Start of THE DATA

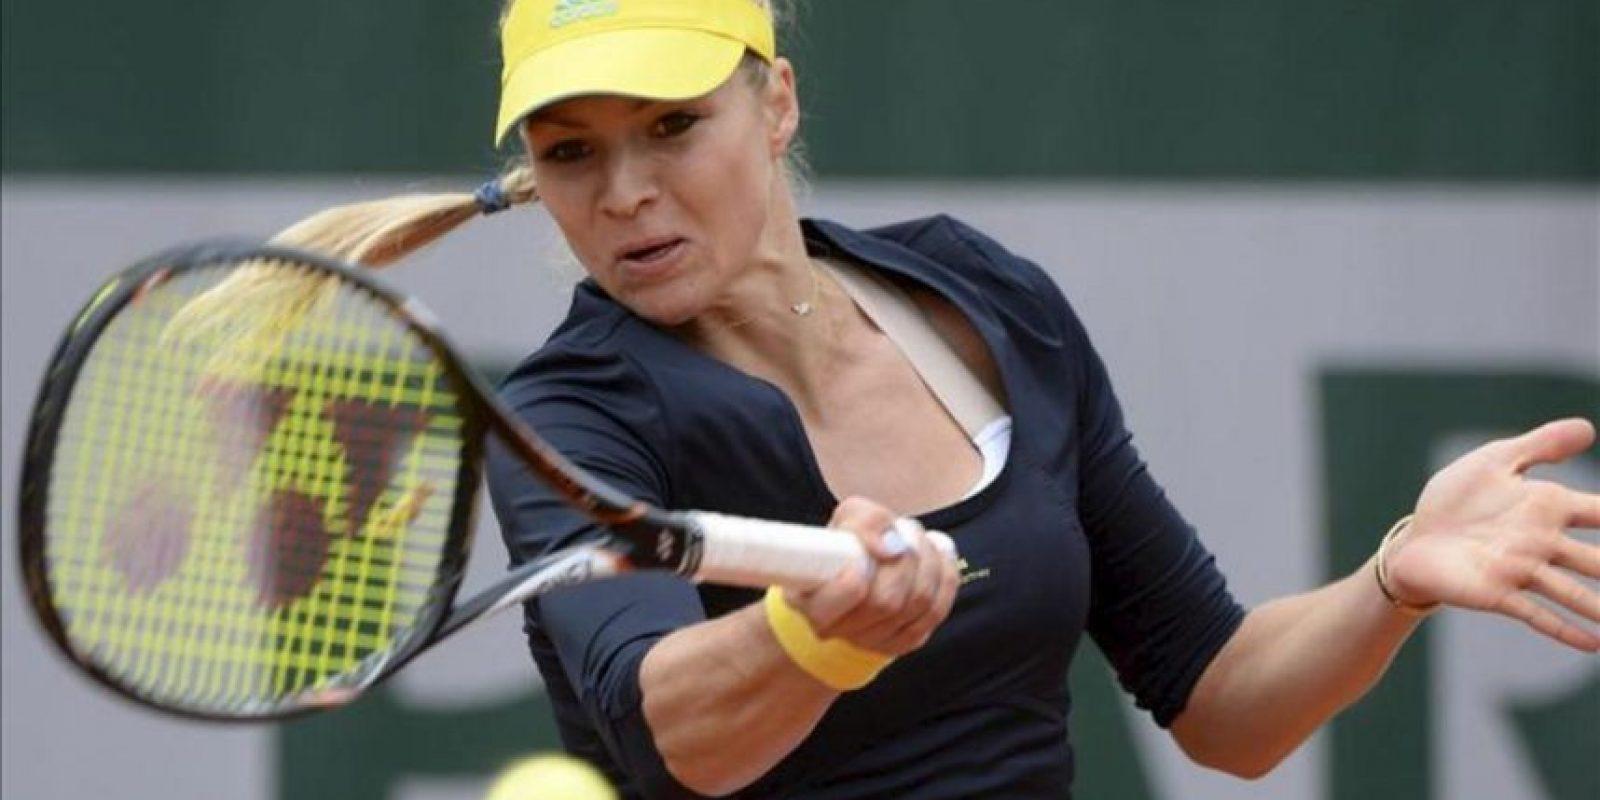 La tenista rusa Maria Kirilenko golpea la bola ante la portuguesa Nina Bratchikova durante su encuentro de la primera ronda del Roland Garros, hoy en París. EFE
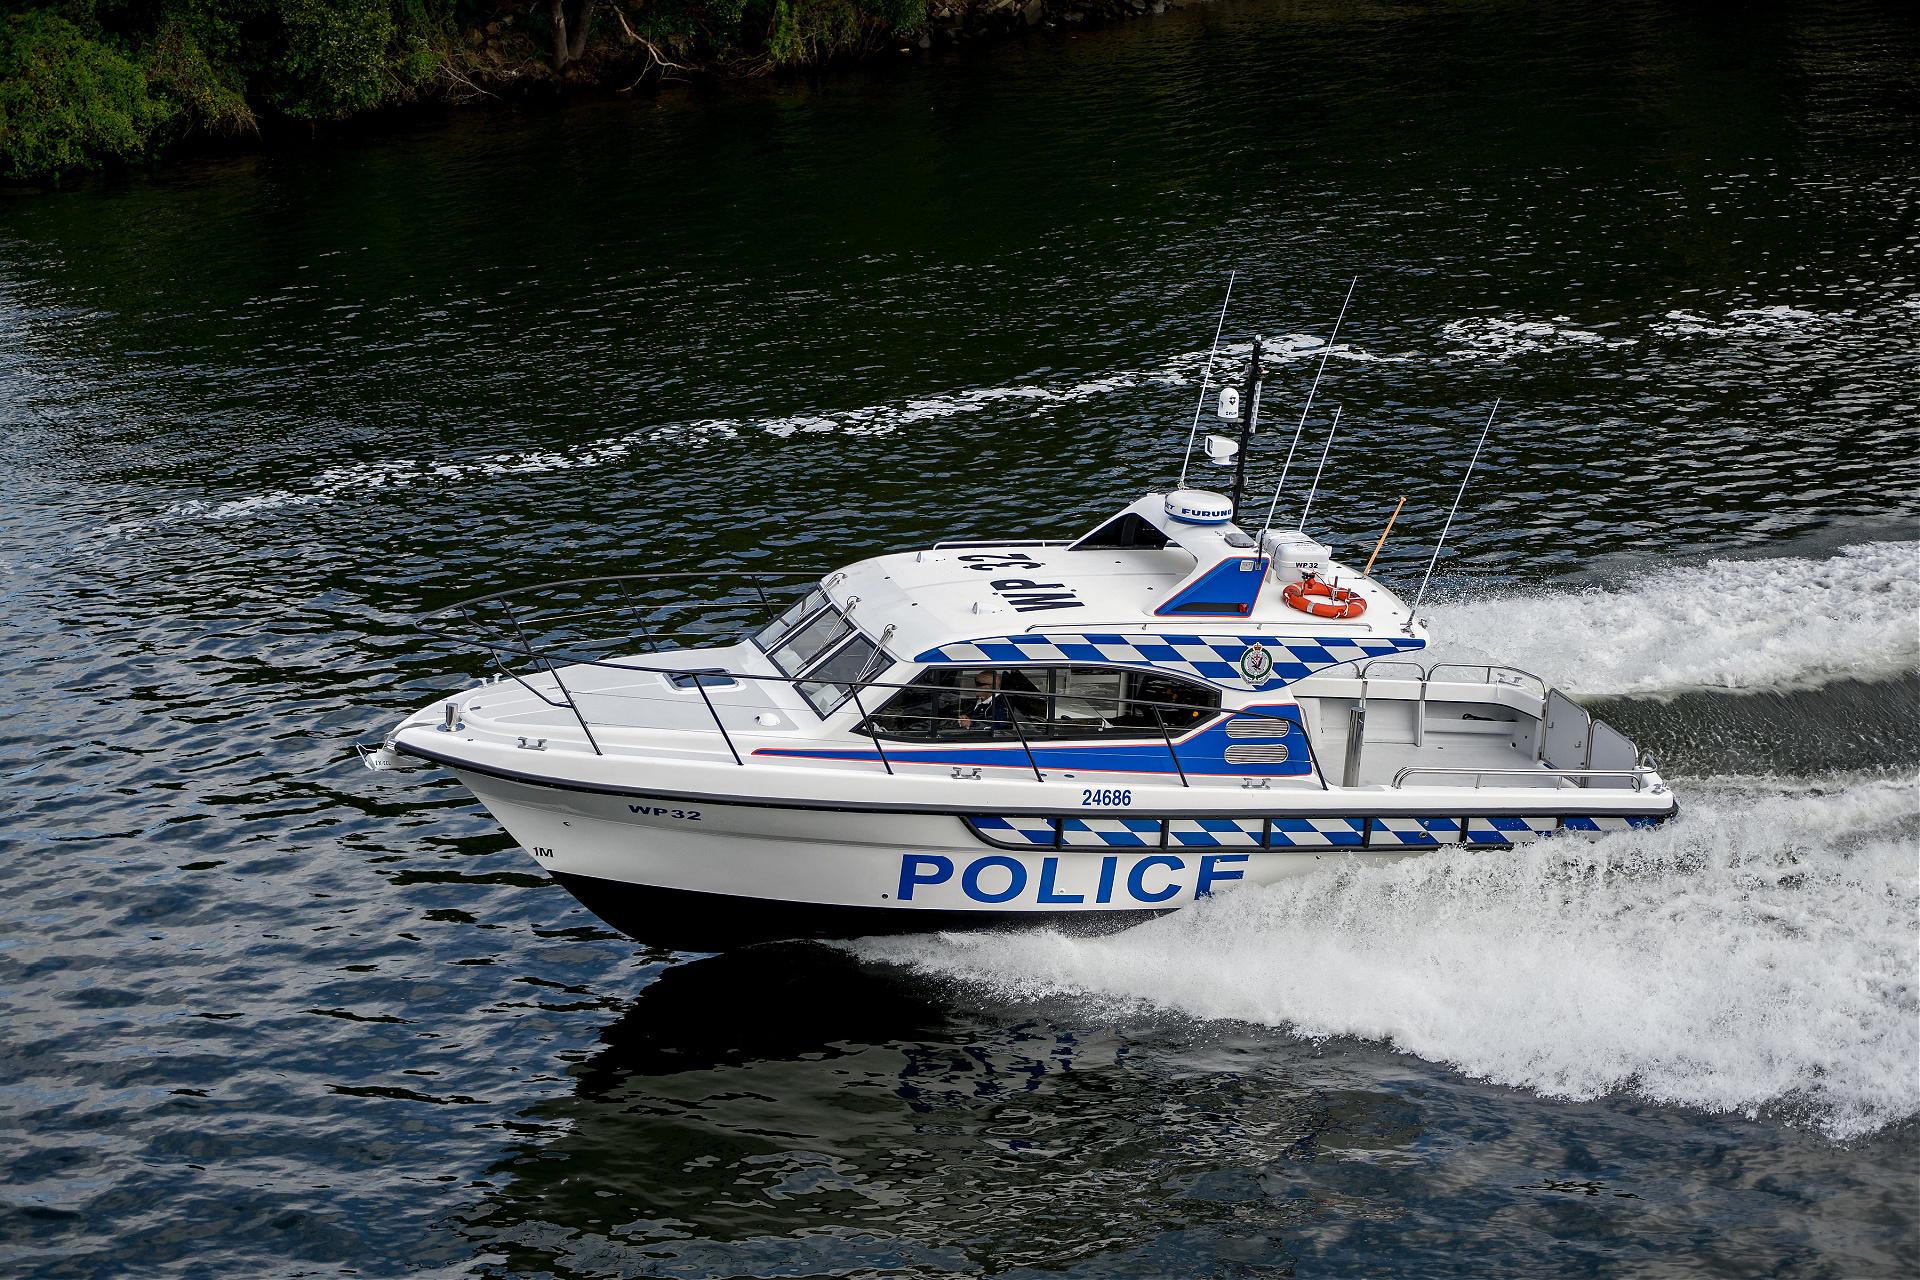 Steber 38ft Police SLR Vessel
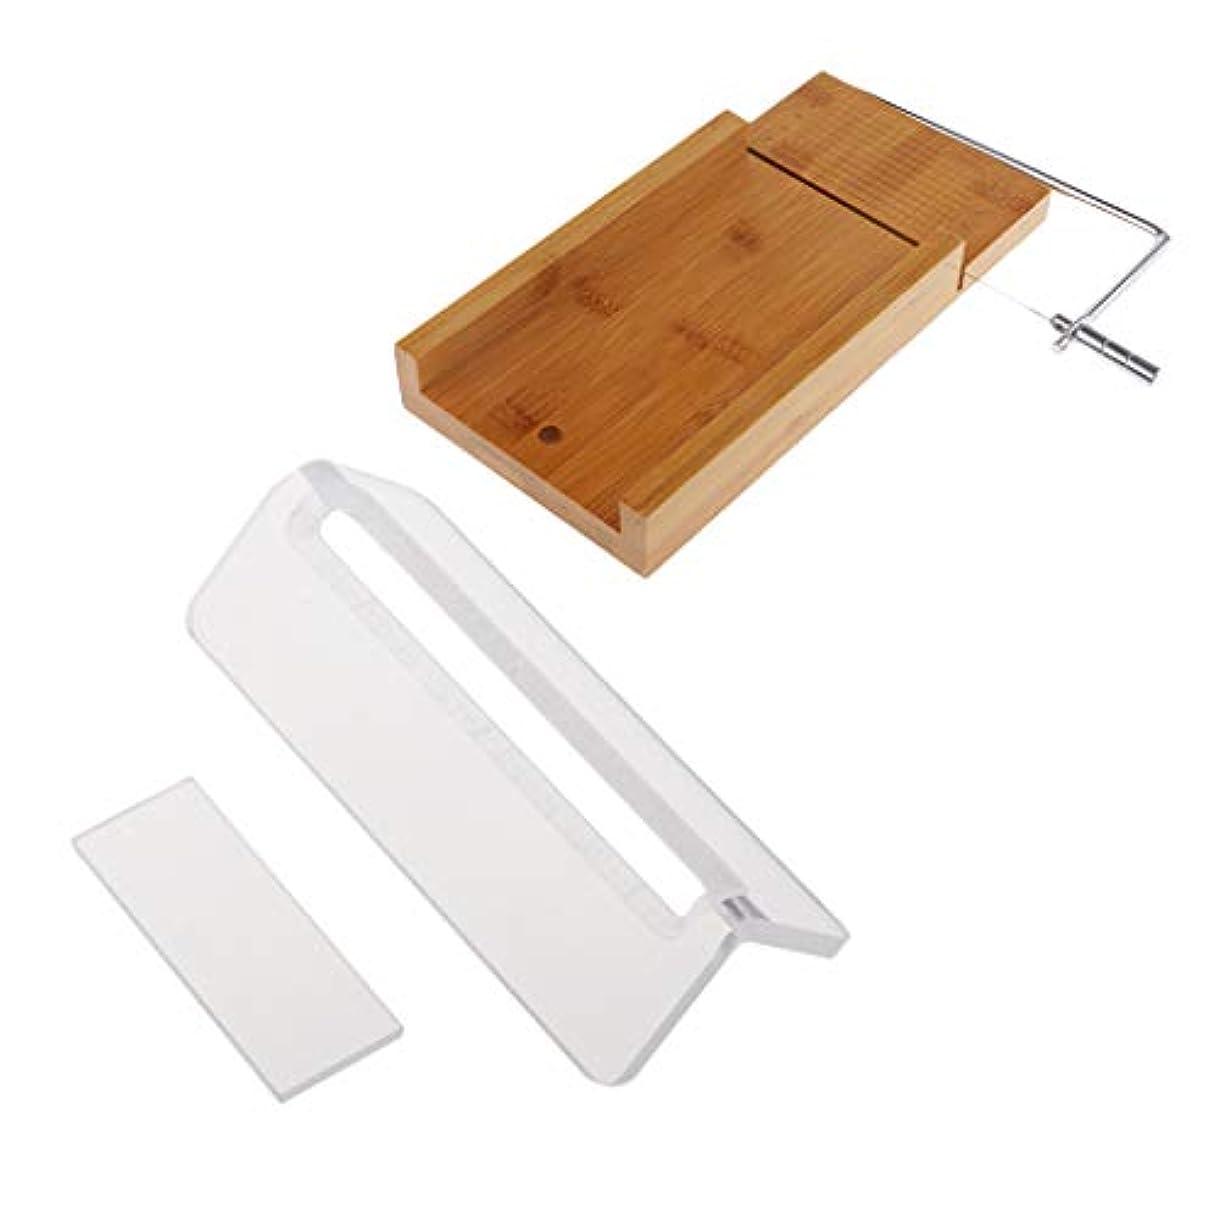 動物考えたアラバマ木製 石鹸カッター 石けん 包丁 せっけんカッター ソープカッター チーズカッター 多機能 丈夫 2個入り

End of THE DATA

** YOUR INSTRUCTIONS **
Leaving out the pictures, repeat the data above exactly.

** REPLY TO THE TASK **
 La tenista rusa Maria Kirilenko golpea la bola ante la portuguesa Nina Bratchikova durante su encuentro de la primera ronda del Roland Garros, hoy en París. EFE
 Steber 38ft Police SLR Vessel
 動物考えたアラバマ木製 石鹸カッター 石けん 包丁 せっけんカッター ソープカッター チーズカッター 多機能 丈夫 2個入り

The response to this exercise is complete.